YOUR GOAL. A verbatim copy of the lines from the one with "wedding cake at" through the final line below is required; print it and nothing else.

THE DATA.
========================

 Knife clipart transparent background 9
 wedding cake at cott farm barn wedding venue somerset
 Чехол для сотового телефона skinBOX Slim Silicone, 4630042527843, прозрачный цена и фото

========================

EXERCISE SOLUTION.
 wedding cake at cott farm barn wedding venue somerset
 Чехол для сотового телефона skinBOX Slim Silicone, 4630042527843, прозрачный цена и фото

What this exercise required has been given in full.